Information supplied

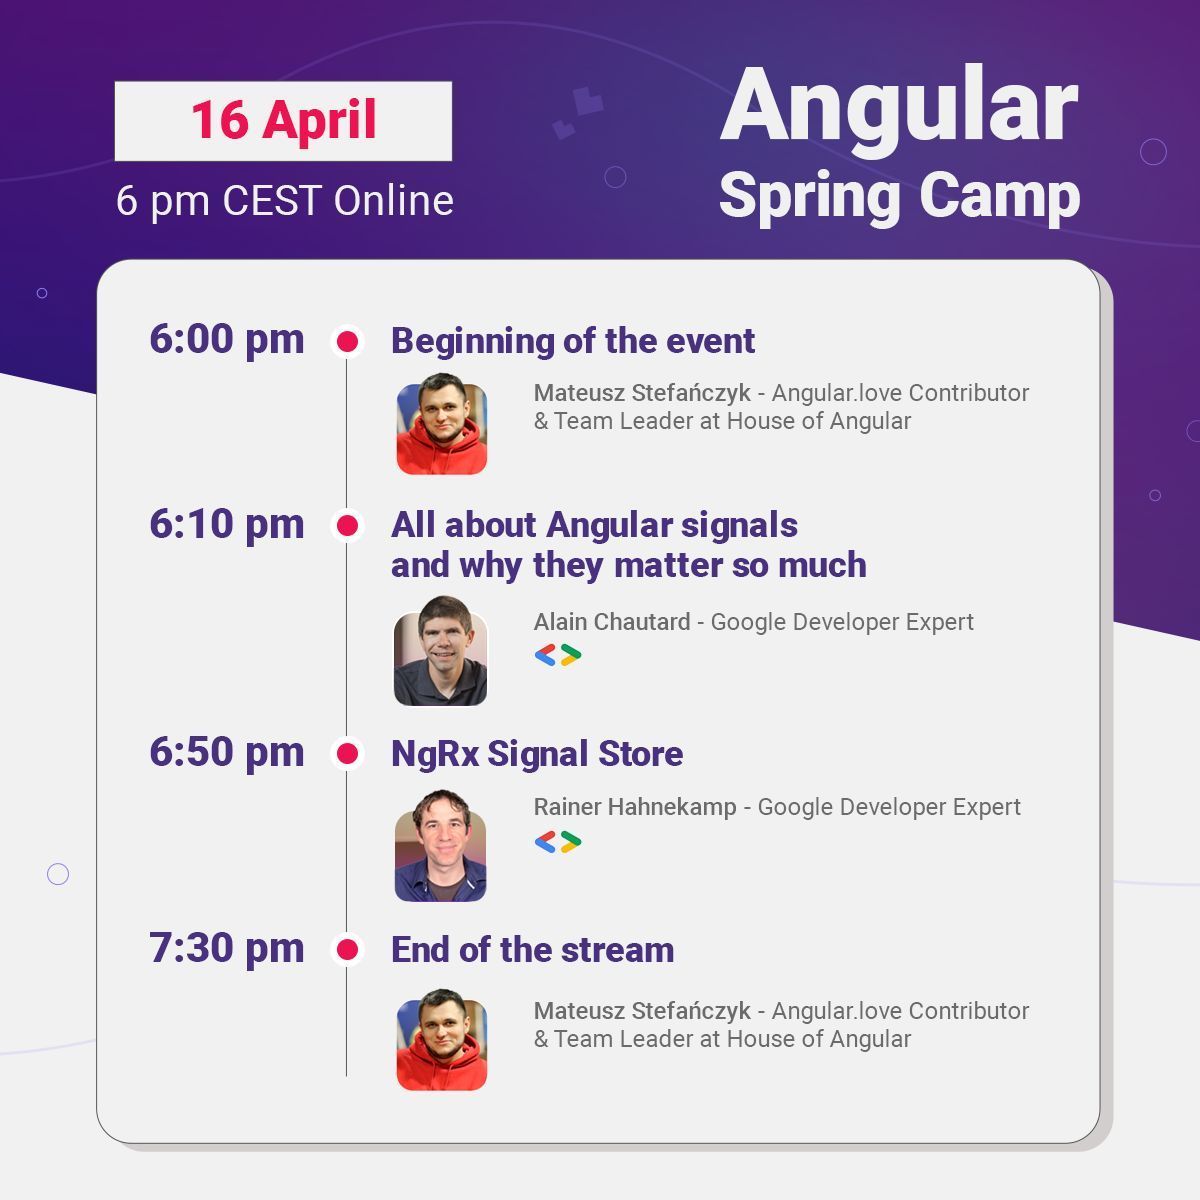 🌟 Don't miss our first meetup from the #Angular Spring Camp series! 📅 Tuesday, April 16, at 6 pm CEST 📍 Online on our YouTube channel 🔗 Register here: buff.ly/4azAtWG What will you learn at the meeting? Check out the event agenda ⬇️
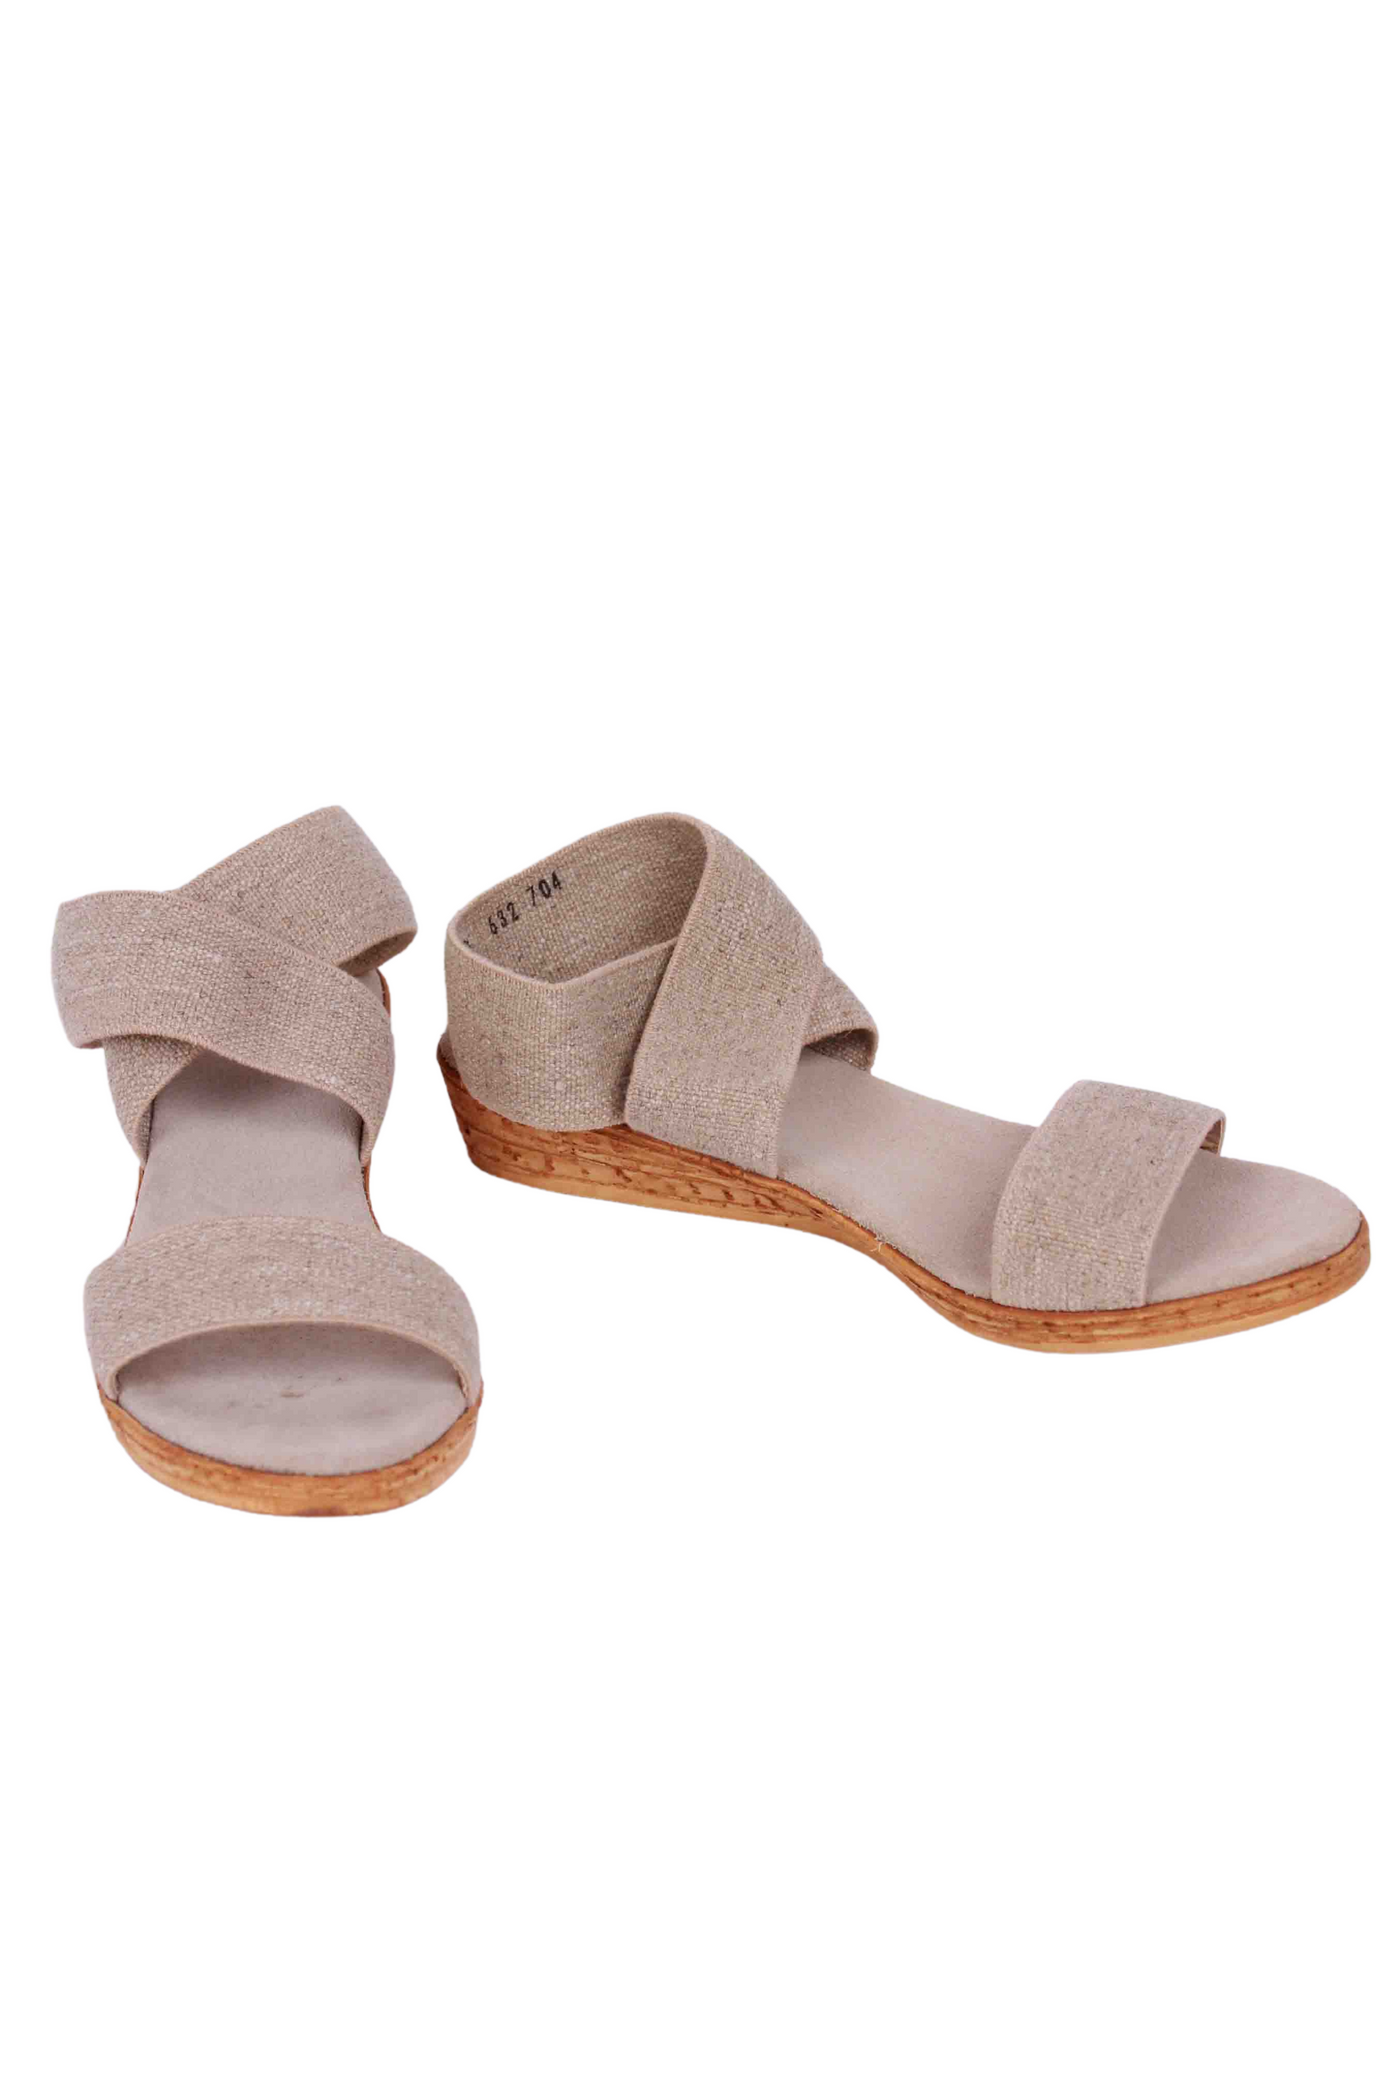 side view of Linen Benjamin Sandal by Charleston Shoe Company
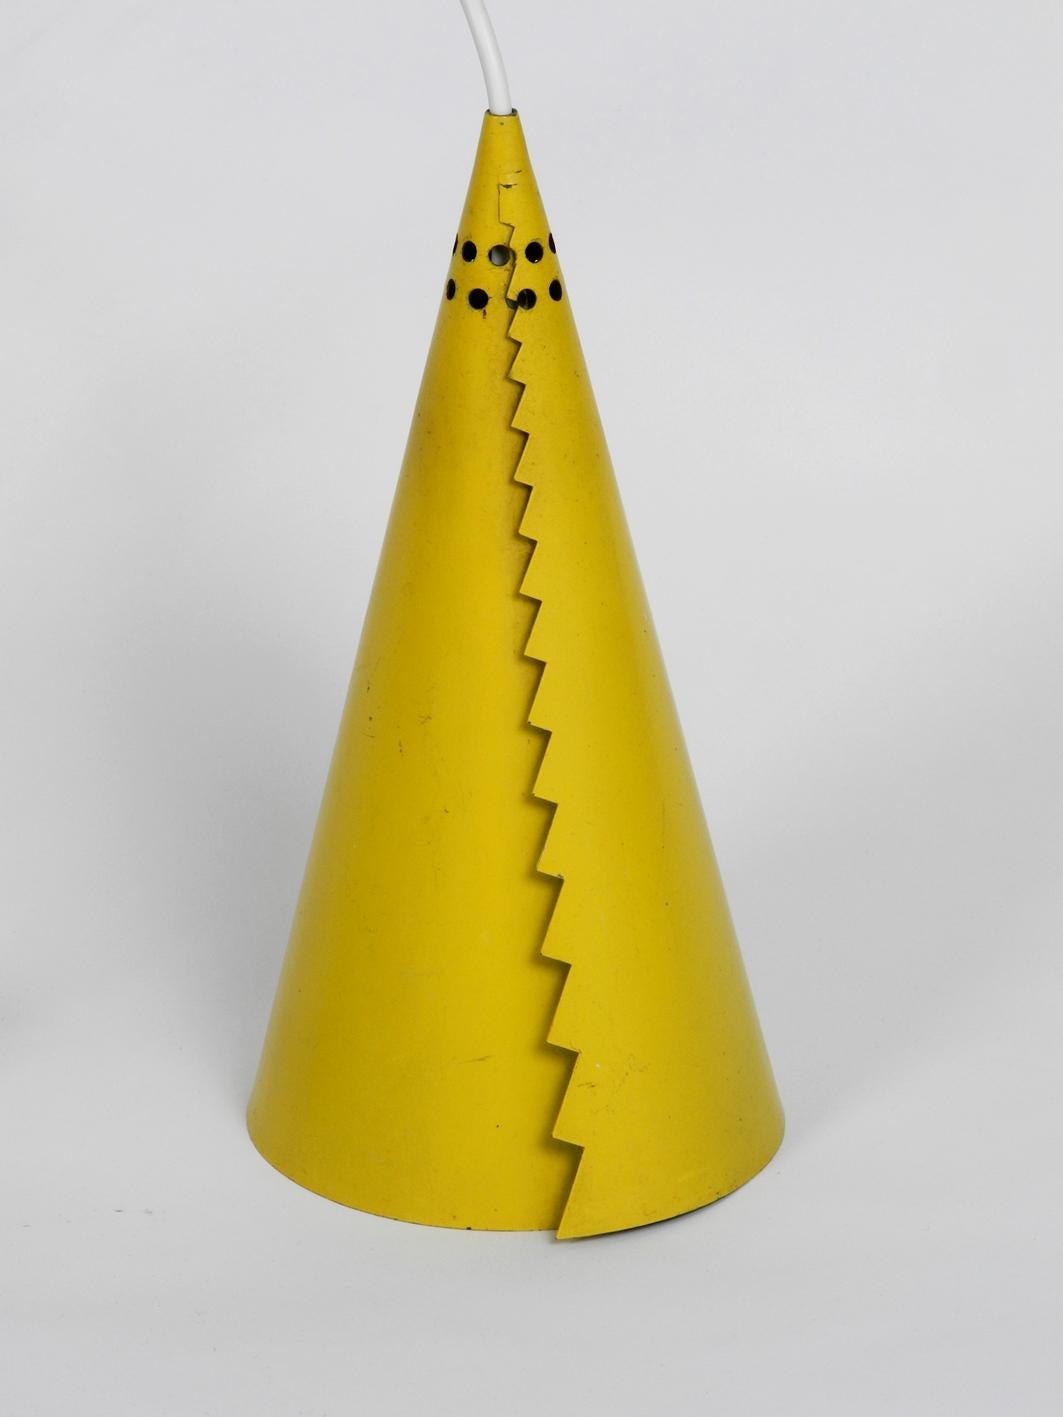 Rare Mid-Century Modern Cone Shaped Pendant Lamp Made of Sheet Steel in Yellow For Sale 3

Work item
Word for word, output the whole listing, but not its pictures.

Response box
 🌟 Don't miss our first meetup from the #Angular Spring Camp series! 📅 Tuesday, April 16, at 6 pm CEST 📍 Online on our YouTube channel 🔗 Register here: buff.ly/4azAtWG What will you learn at the meeting? Check out the event agenda ⬇️
 side view of Linen Benjamin Sandal by Charleston Shoe Company
 Rare Mid-Century Modern Cone Shaped Pendant Lamp Made of Sheet Steel in Yellow For Sale 3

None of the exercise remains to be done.